Joe Biden briefly talked about jobs-creation as it relates to climate change (jobs in alternative energy) and economic recovery (jobs rebuilding the infrastructure). But the convention kept returning to COVID and, especially, to praising Biden's character.

"That's not how Donald Trump won" in 2016, Santorum said. "Very few people said anything good about him, including myself."

This time, the attacks at the Democratic convention were unrelenting. David Chalian, CNN's political director, points to "a sort of astounding one-two punch": One night, Michelle Obama; another, Barack Obama, who described his successor, Chalian said, "in a way no former president has ever done."

That sets up what the Republicans need to do, Santorum said. If this is "a referendum on Donald Trump," they lose; they must "make this a two-person race, not a one-person."

In short, go after Biden. As one commentator put it: "He'll be a piñata from day one."

The Republican National Committee has announced that there will be no platform for the convention. As the party for the incumbent, they will spend most of the time simply supporting President Trump.

Van Jones, a CNN correspondent (and former Obama advisor), had another prediction about Republican convention-organizers: Viewers will be surprised, he said, "to see just how diverse they make the Republicans look."

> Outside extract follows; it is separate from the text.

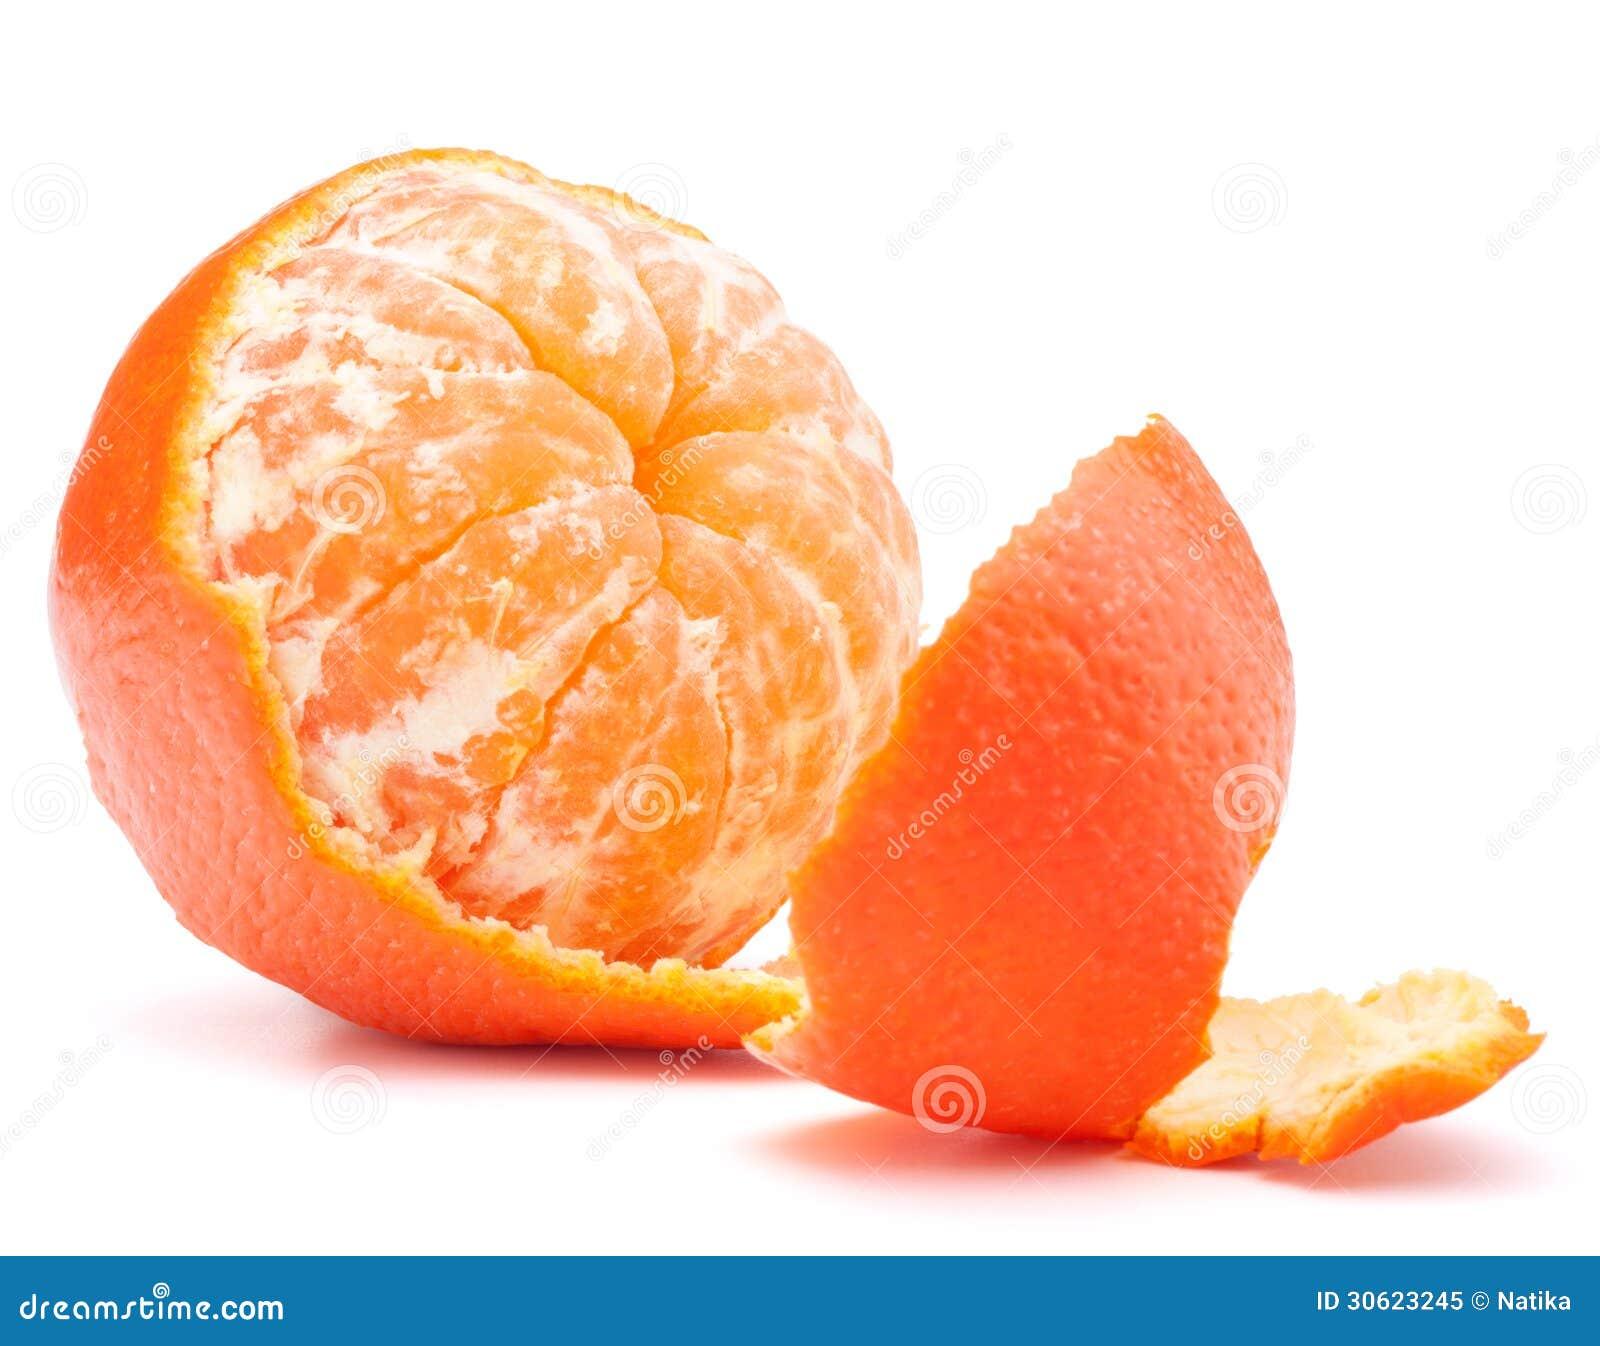 how to make mandarin pineapple dream

That seemed true as the names of some of the speakers surfaced. Among the first five names to appear, only one (Kevin McCarthy, the House minority leader) is a white male. Others are senators Tim Scott (South Dakota) and Joni Ernst (Iowa), Gov. Kristi Noem (South Dakota), and Nikki Haley, the former United Nations ambassador.

There will also be lots of Trump. Breaking tradition (something he does quite often), he reportedly will show up on each of the four nights. He'll give his nomination acceptance speech Thursday, with his wife Melania and adult children speaking on Tuesday. On Wednesday, Mike Pence will accept the vice-presidential nomination from Fort McHenry, where the Star-Spangled Banner was born.

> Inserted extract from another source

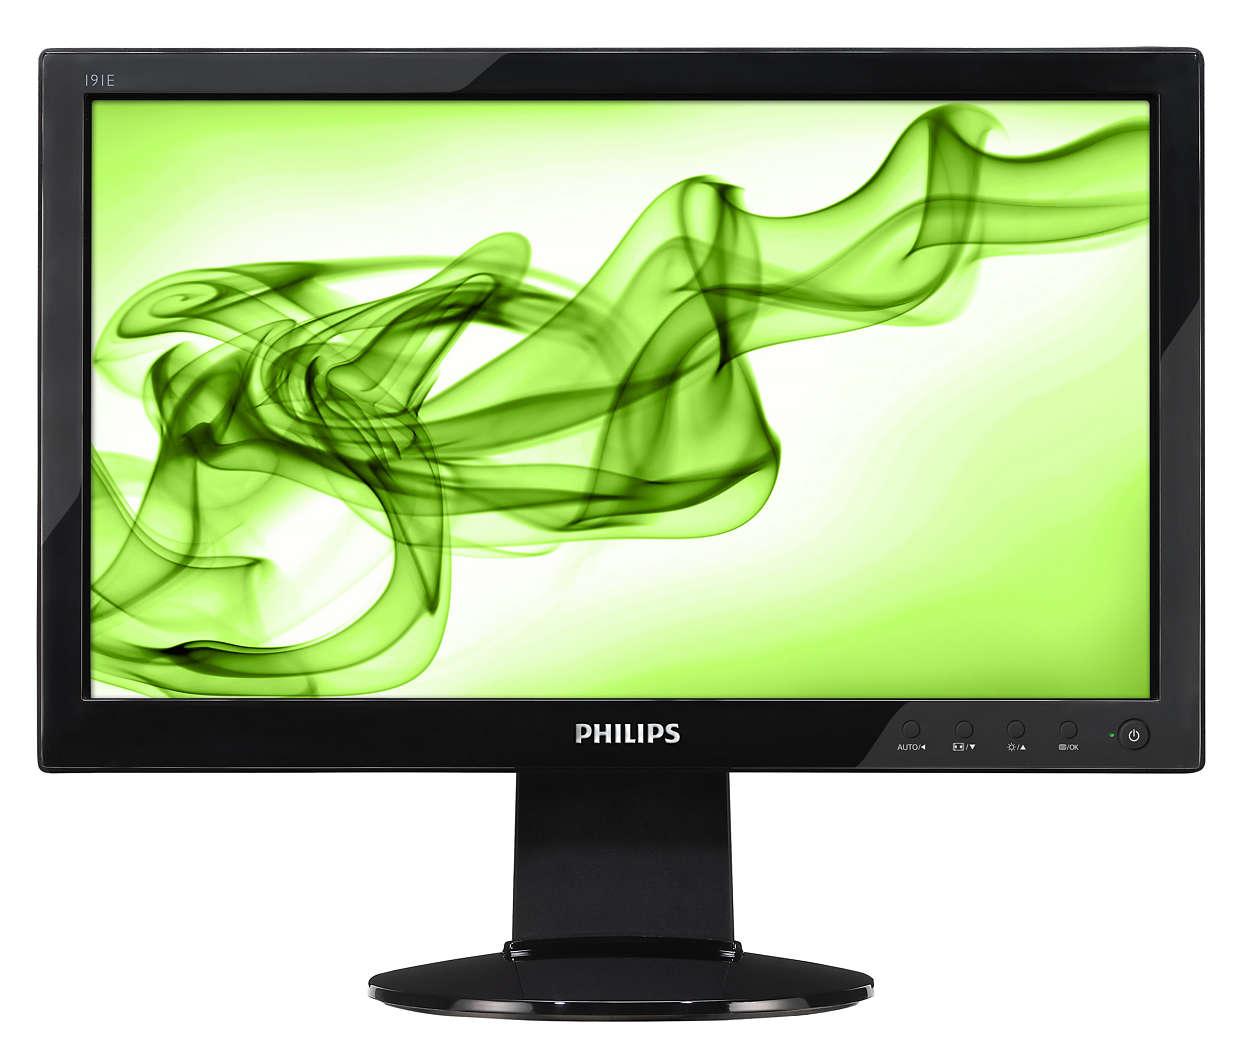 L'elegante display 16:9 HD offre funzioni di valore

There will also be some non-politicians – the St. Louis couple who brandished guns in front of Black Lives Matter protesters, the widow of a retired policeman who was killed during those protests, a Montana coffeeshop owner who received a COVID-19 relief loan, the father of one of the Parkland school shooting victims, and the parents of Kayla Mueller, the American humanitarian worker who died after 18 months of ISIS captivity in Syria.

The Republican National Convention coverage, as with the Democrats, begins each evening at 8 p.m. ET on PBS, 10 p.m. ET on ABC, CBS, and NBC, and all day on cable news channels.